James Knightley, an economist at ING Bank, said, "This report backs up the assumption that we didn't see a change in consumer psyche - that of saving rather than spending."
"Indeed, it is pretty clear that the weakness at the start of the year was weather related," he added. "This view is backed up by the rebound in housing activity and the decent payrolls number for April."
Buying interest waned not long after the open, however, as traders expressed continued concerns about outlook for monetary policy as well as Greece's struggles to reach an agreement with its creditors.
Some negative sentiment was subsequently generated by news that the International Monetary Fund has halted bailout talks with Greece.
"The ball is very much in Greece's court," IMF spokesman Gerry Rice told reporters. "There are major differences between us in most key areas. There has been no progress in narrowing these differences."

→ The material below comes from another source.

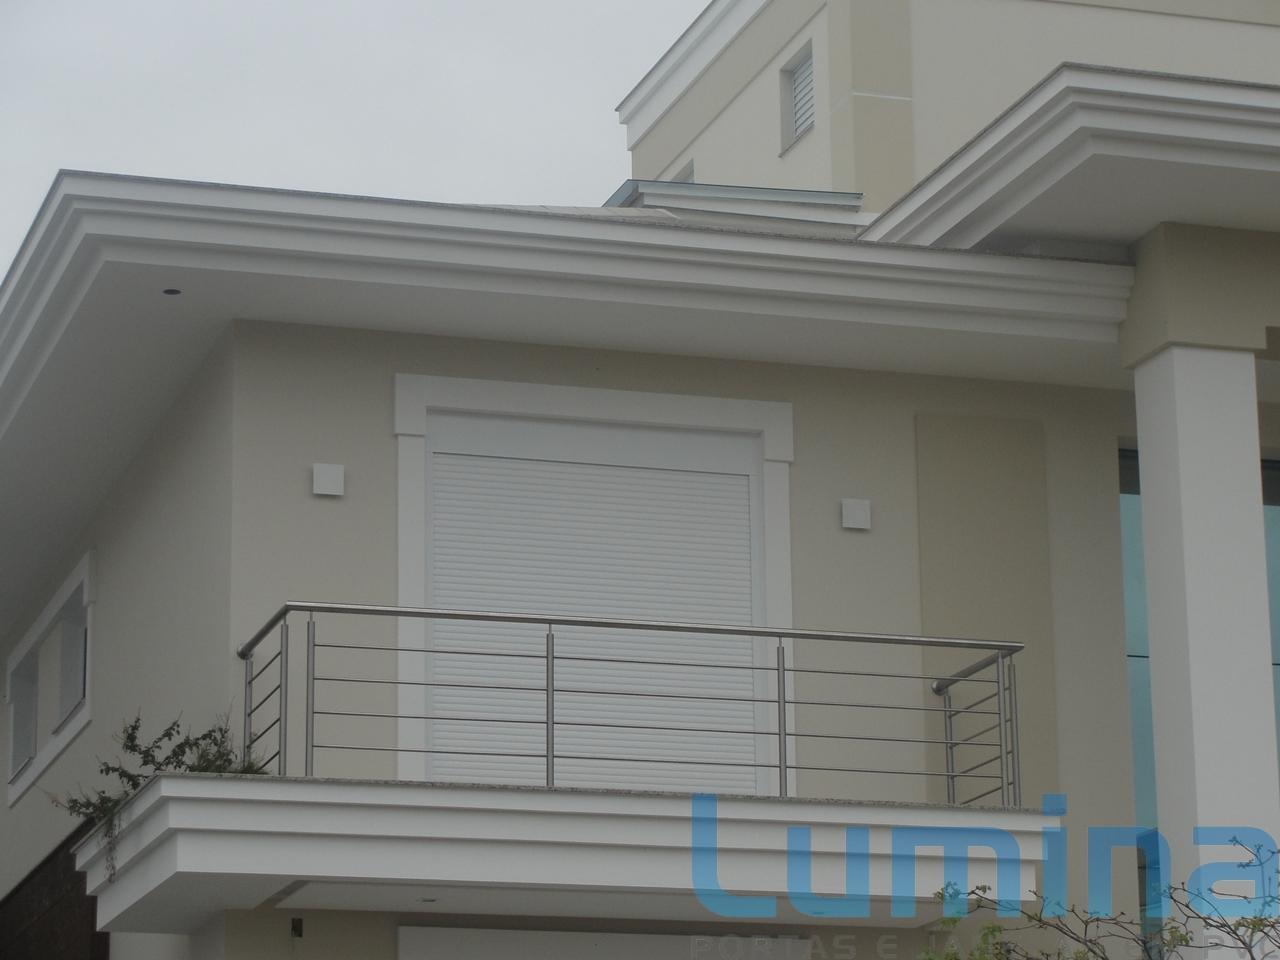 #26516D Janela   Lumina portas   esquadrias PVC %284%29.JPG 1106 Portas E Janelas De Aluminio No Df

The remarks offset recent optimism generated by reports suggesting that Greece was close to an agreement to avoid a default.
Sector News
Most of the major sectors ended the day showing only modest moves, although considerable strength was visible among railroad stocks.

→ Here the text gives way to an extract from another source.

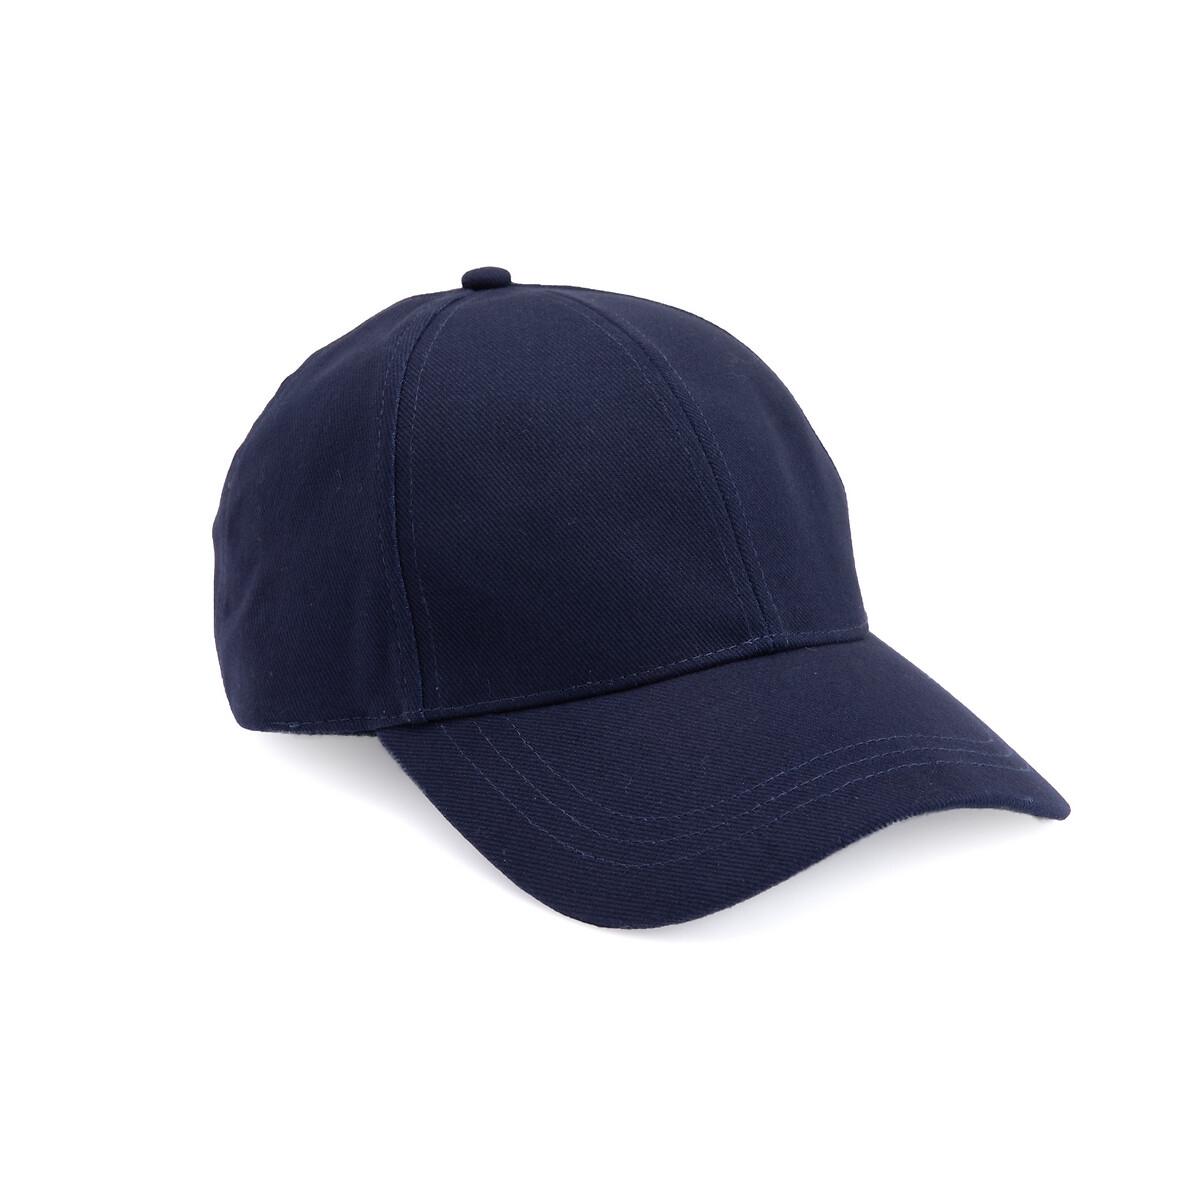 Бейсболка LaRedoute La Redoute UNI синий

Reflecting the strength in the railroad sector, the Dow Jones Railroads Index surged up by 1.7 percent, climbing further off the ten-month closing low set on Tuesday. CSX Corp. (CSX) helped to lead the way higher, climbing by 2.9 percent.
Biotechnology and trucking stocks also saw some strength on the day, although buying interest was relatively subdued.
On the other hand, gold stocks fell sharply on the day, dragging the NYSE Arca Gold Bugs Index down by 2.1 percent. With the drop, the index fell to a five-month closing low.
The weakness among gold stocks came amid a decrease by the price of the precious metal, with gold for August delivery falling $6.20 to $1,180.40 an ounce.
Oil service stocks also saw notable weakness, moving lower along with the price of crude oil. With crude for July delivery sliding $0.66 to $60.77 a barrel, the Philadelphia Oil Service Index dropped by 1.3 percent.
Other Markets
In overseas trading, stock markets across the Asia-Pacific region moved mostly higher during trading on Thursday. Japan's Nikkei 225 Index surged up by 1.7 percent, while Hong Kong's Hang Seng Index advanced by 0.8 percent.
The major European markets also moved to the upside on the day. While the U.K.'s FTSE 100 Index edged up by 0.2 percent, the German DAX Index and the French CAC 40 Index rose by 0.6 percent and 0.7 percent, respectively.
In the bond market, treasuries moved sharply higher, regaining some ground following the sell-off seen over the past several sessions. Subsequently, the yield on the benchmark ten-year note, which moves opposite of its price, tumbled by 9.5 basis points to 2.383 percent.
Looking Ahead
Trading on Friday may be impacted by another batch of U.S. economic data, with traders likely to keep an eye on reports on producer price inflation and consumer sentiment.